Multinomial Naive Bayes¶
Overview¶
In machine learning, naive Bayes classifiers are a family of simple “probabilistic classifiers” based on applying Bayes’ theorem with strong (naive) independence assumptions between the features. (from wikipedia) Multinomial naive bayes is one of classic naive bayes variants mostly used in document classfication. Each sample represents by the feature vector in which certain events have been counted in multinomial model.
The two parts of multinomial navie bayes algorithm including training and prediction is given as below:
1. Training Stage: count the number of times word term or feature appears across all the training samples, Nyi. And also the number of distinct features in all sample as well as the total number of all features Nyin certain class is counted, respectively. The maximum likelihood probability is the ratio of Nyito Ny, which is one matrix. The prior probability is the ratio of the number of each class to the total number of sample, which is one vector. Additive Laplace smoothing would be used in real applicaton for features not present in the training sample so that zero probabilities can be prevented in the furture classfilier.

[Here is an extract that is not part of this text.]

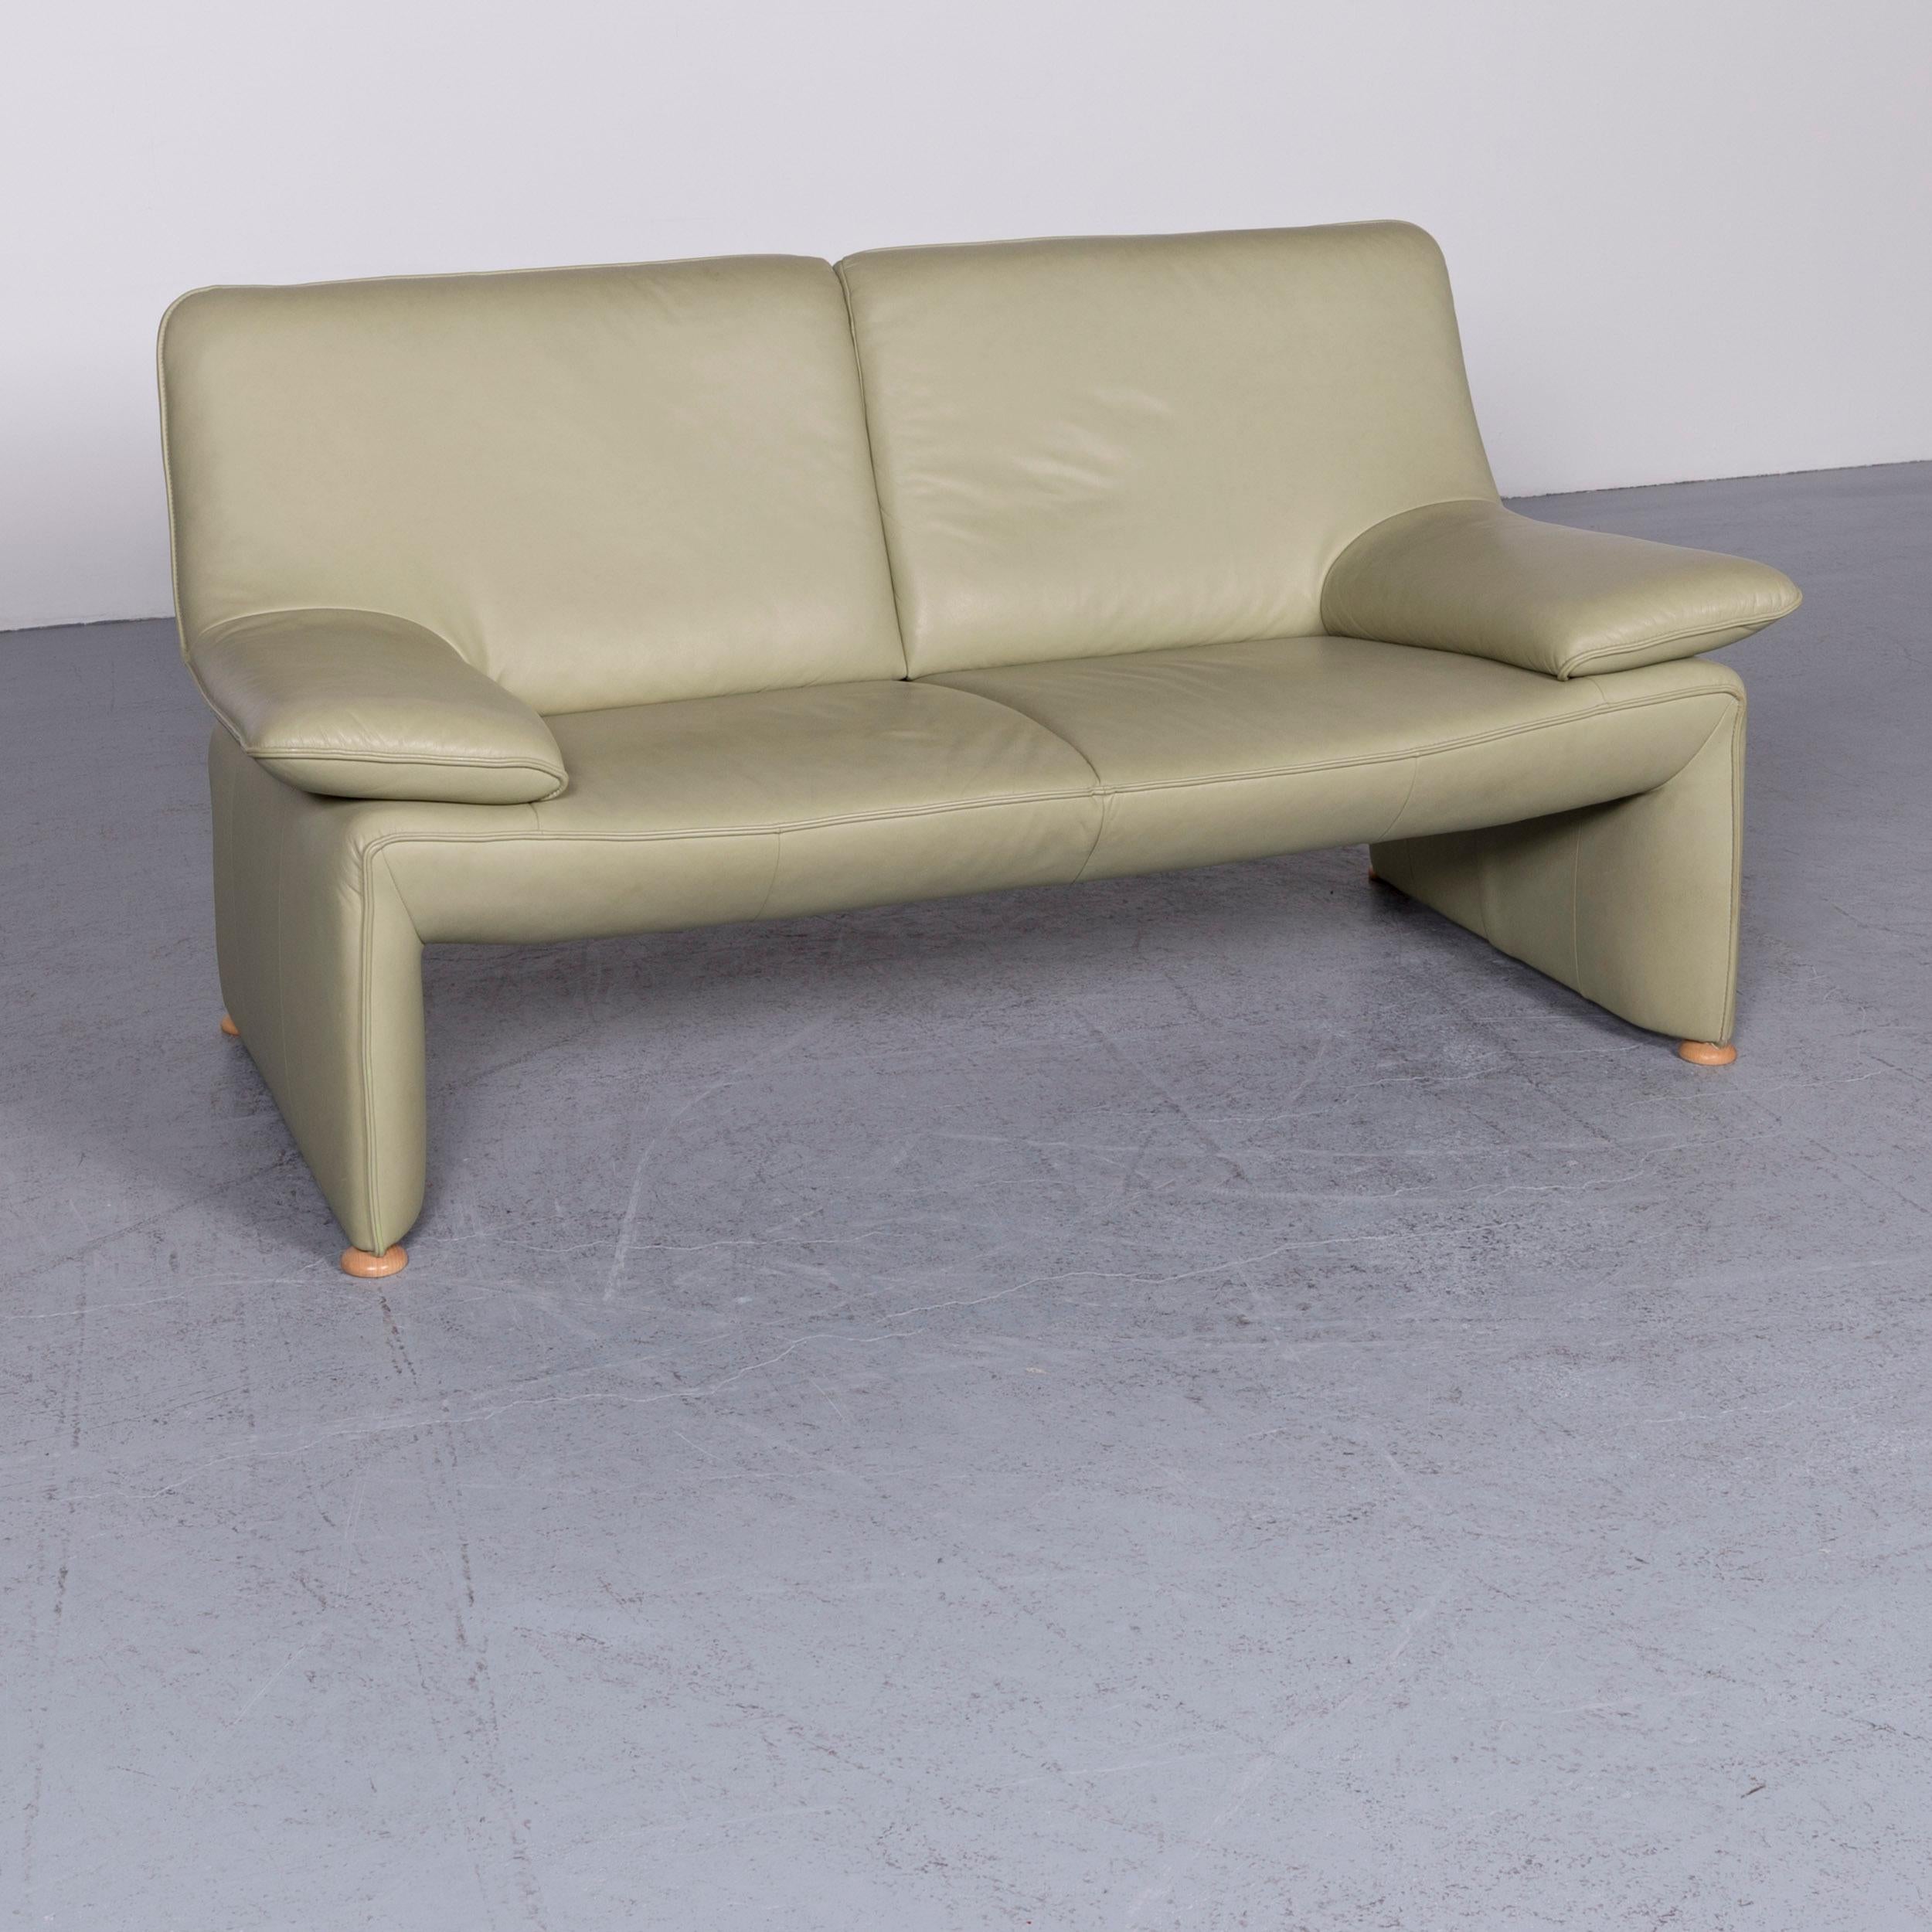 We bring to you a Laauser Flair designer sofa leather green two-seat couch modern.

- Prediction Stage: for each test sample, the argmax function of the likelihood probability matrix multiply by its feature vector as well as the prior probability vector will get its classification result. And the matrix multiplication can be transformed into matrix addition by the logarithm pre-process.
Implemention¶
The naive bayes training is one general primitive to acclerate multinomial naive bayes utilizing the advantage of high bandwidth in Xilinx FPGA.
The top diagram is shown as below. Workload is distributed based on LSBs of feature value of one sample to processing data path, so that each path can work independently.
The dispatcher and merge module is feed by compact data format in 64-bit stream. Each 64-bit can be compounded of 12-bit class (from 0), 20-bit feature (from 1) and 32-bit count value. And the input feature vector can be sparse or dense. The end -1
of each sample must be tagged in 20-bit feature slot.
The counter module is responsible for counting the number of times feature appears across all the sample. And the collect module will count the number of all feature for certain class. All statictis result in each data-path will be gather in the following module. Finally, the logarithm result of likelihood and prior probability will be streamed out, respectively.
The following figure has been shown as the top structure of naive bayes classfiler. The training model will stream in firstly before the actual prediction process. The whole training model will be cached on on-chip memory. Only the 32-bit count value in test sample would be streamed into the classfiler primitive. And only dense feature vector is supported. The matrix multiplication would be handled in the tree cluster module. The argmax module would predict the result for each sample.
Resource Utilization¶
The hardware resource utilization of naive bayes training (8 channels) and predict (4 data-path and 8 channels) primitive is shown in the table below (synthsis at 300MHz).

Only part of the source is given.